Sherman tried to minimize the possibility of attacks on
his occupying soldiers by ordering the civilian population
of Atlanta to move elsewhere -- an order that was denounced
as cruelty.
He was at the end of a tenuous supply
line, more than 100 miles of single-track railroad, which
was often attacked by both regular and guerrilla enemy
forces. He fought the regulars; as for the irregulars, any
farmhouse thought to be sheltering them got burned to the
ground.
It soon occurred to Sherman that he didn't need a supply line if he kept moving; the famous march to the sea followed. In a military sense, Sherman's campaign was a success, but in a political sense, it's been 140 years, and there remain Southerners who curse his name and delight in flying their old flag.
During World War II, the Germans occupied northern France. Despite what you may have heard from our governor about Gallic poltroonery, there was French resistance, ranging from sabotage to the killing of Wehrmacht officers. The Germans responded with firing squads and torture chambers; in some occupied areas, entire villages were massacred on account of one attack in the general area.
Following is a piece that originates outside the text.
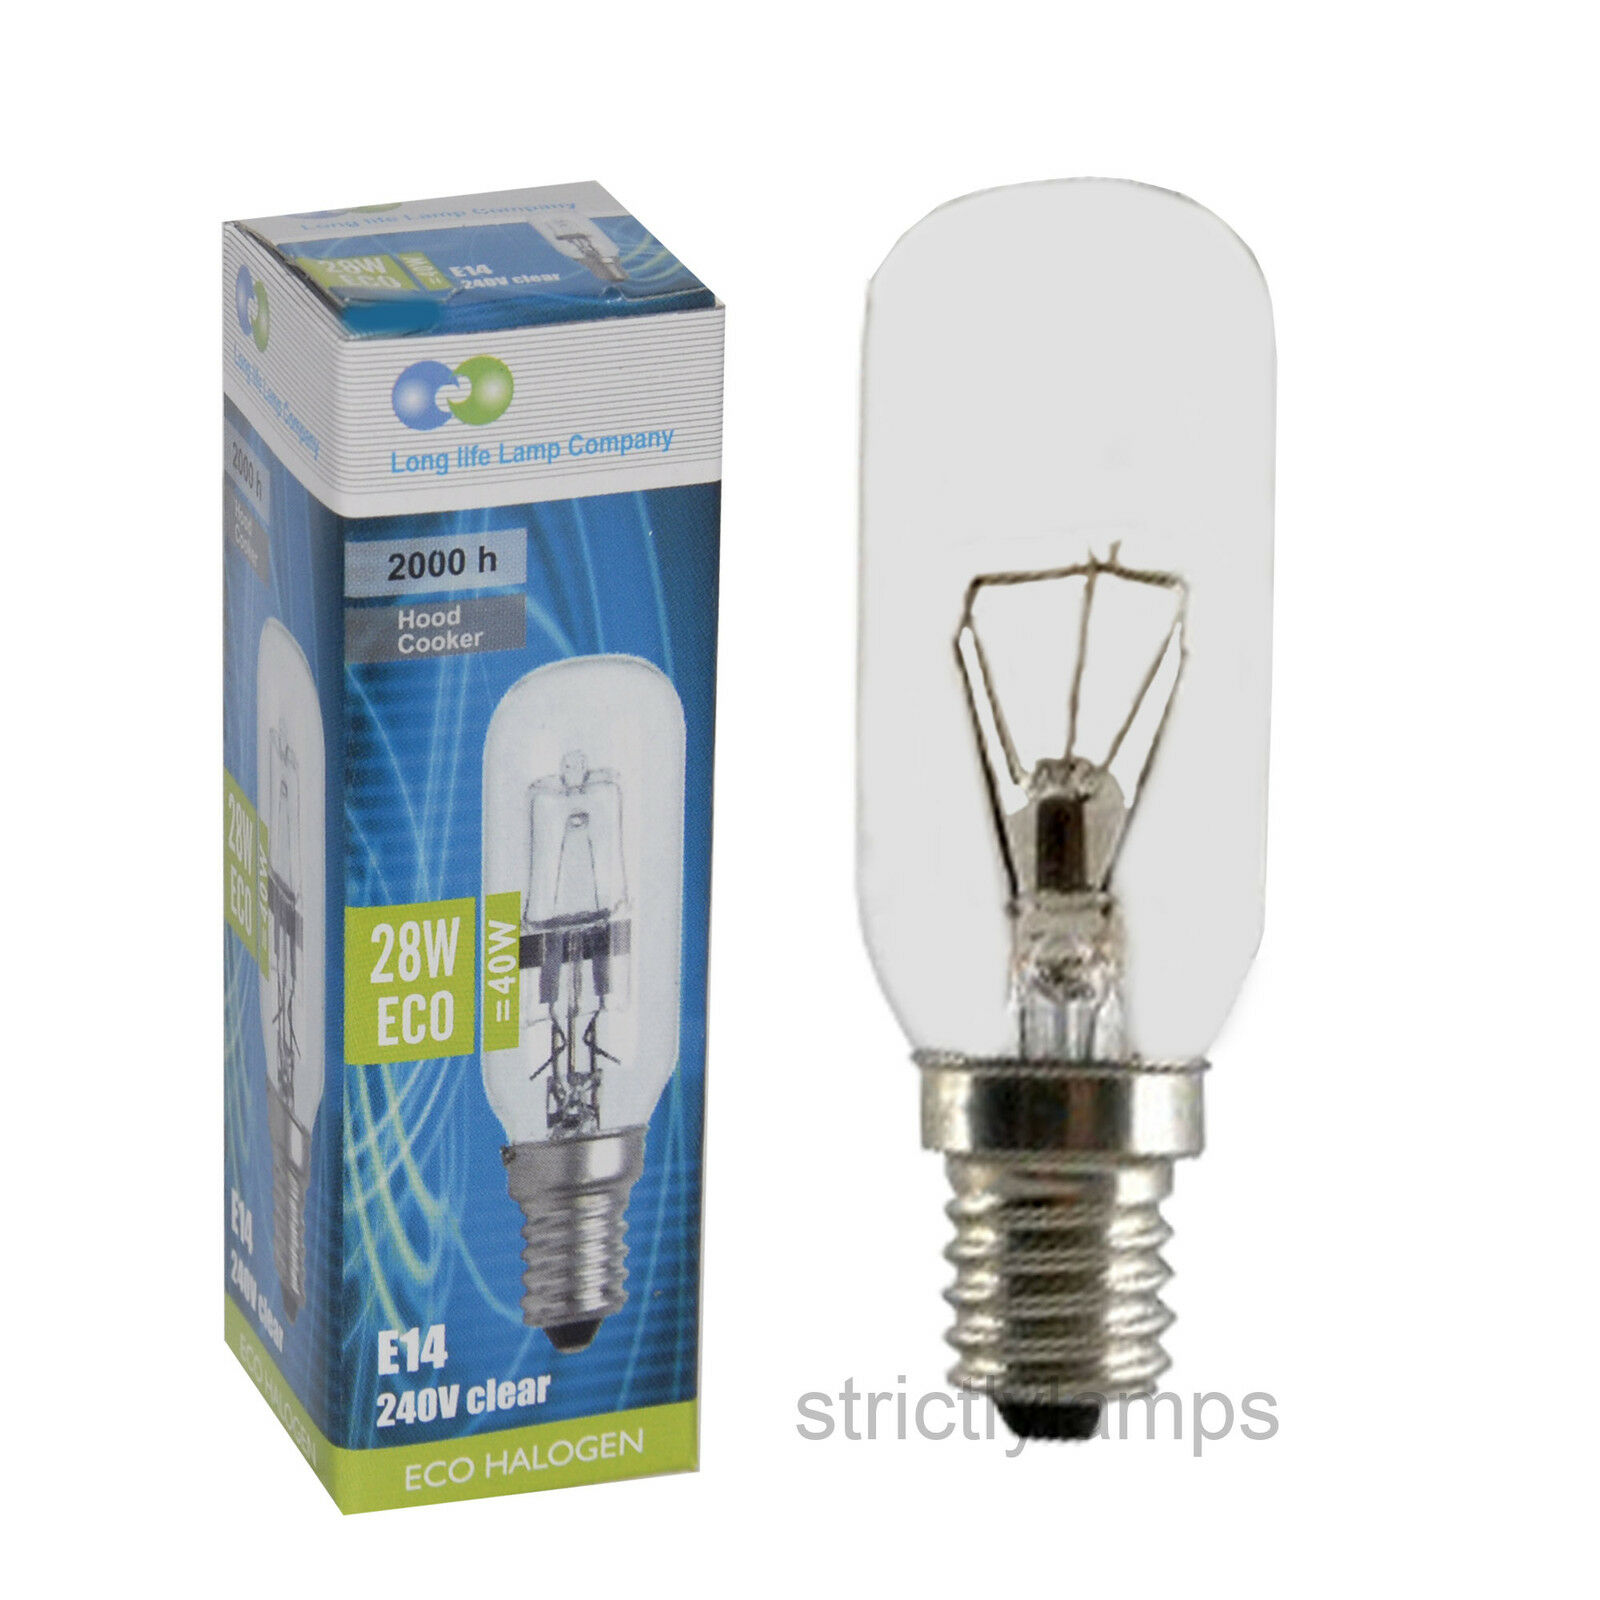 2 X 28w 40w Energy Saving Cooker Hood Bulbs Eco Halogen Bulbs Long Life New Ebay
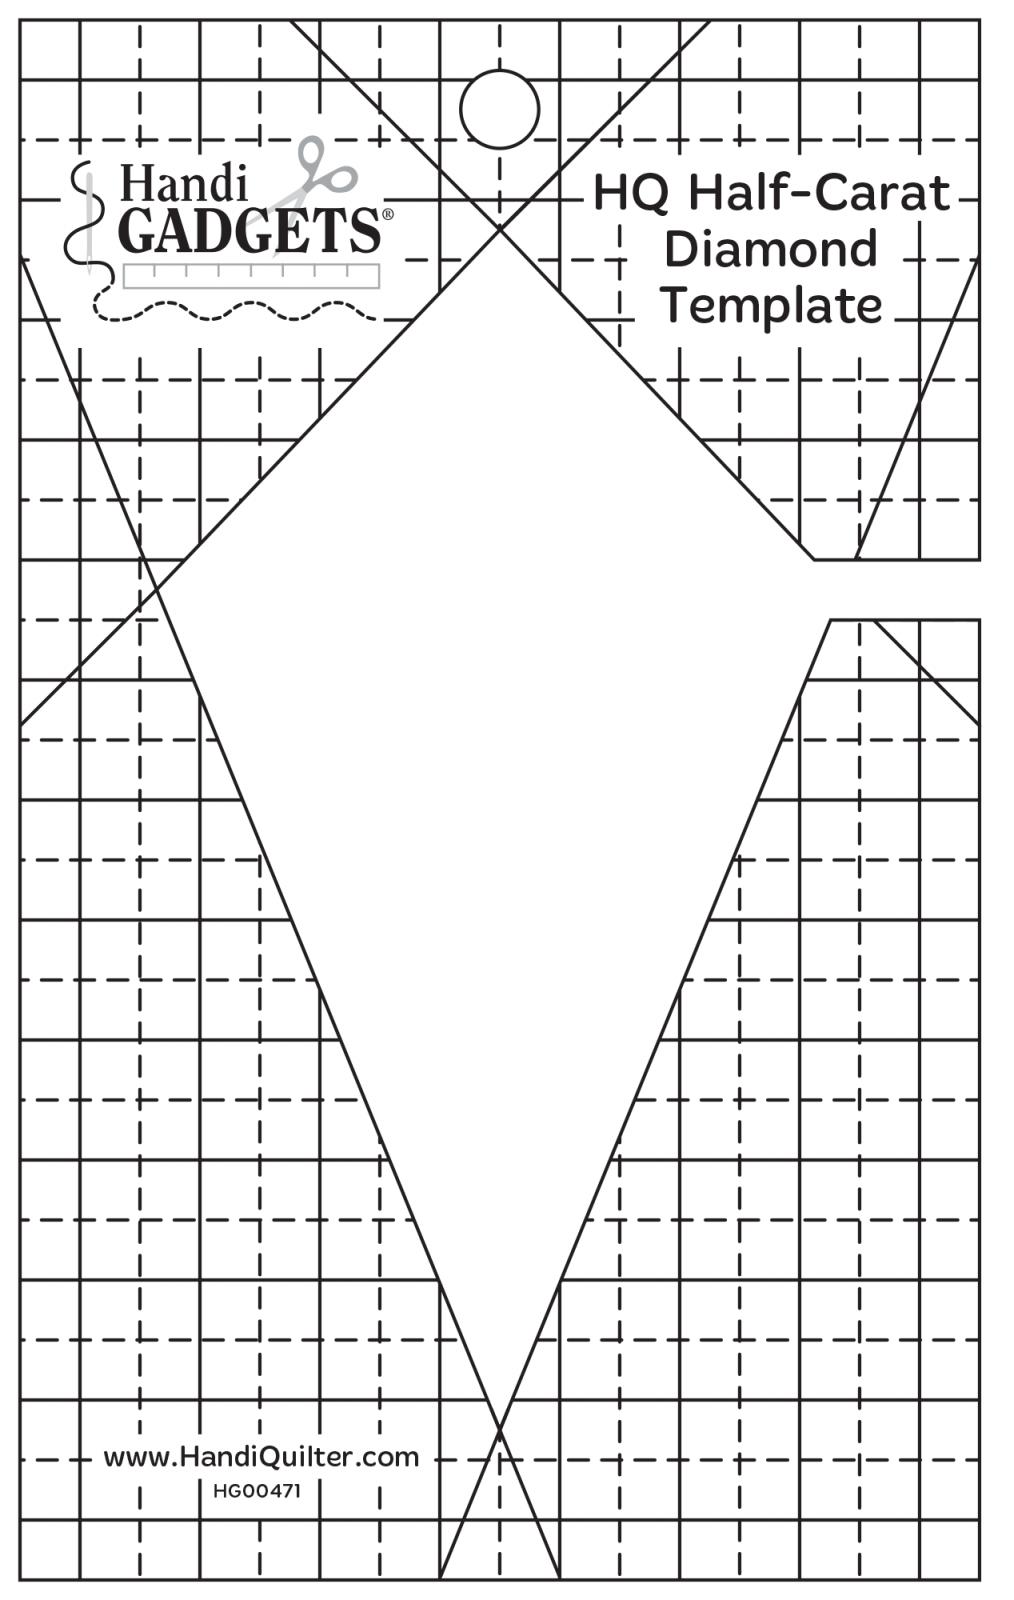 HQ Half Carat Diamond template

Just as our authorities point out that the Geneva
Conventions don't apply to non-military resistance
personnel in occupied areas, the German authorities issued
an announcement in Paris: International Law does not
grant to individuals taking part in subversive activity
within the territory of the Occupying Power, the protection
which regular soldiers may claim.... The occupying power
considers and will continue to consider members of
resistance groups as terrorists
who will not be
treated as prisoners of war and will be liable to the
capital penalty.
History shows than any occupying army, be it Sherman attempting to restore the lawful authority of an elected government or the Nazis brutalizing Europe, can meet resistance after the formal battles conclude.
So it shouldn't have come as any surprise that some Iraqis would organize and attack American supply convoys and the like.
Now consider an American commander there, responsible for the safety of his troops. He would be remiss in his duties if he didn't try to collect information from captives about these attacks, so that he might prevent them in the future. The temptation to abuse would be difficult to resist.
And that's why planning before an invasion is important. Our occupations of defeated countries after World War II went much better. But back then, the experts who anticipated, and planned for, the resistance after a military victory were heard and respected, rather than ignored and scorned.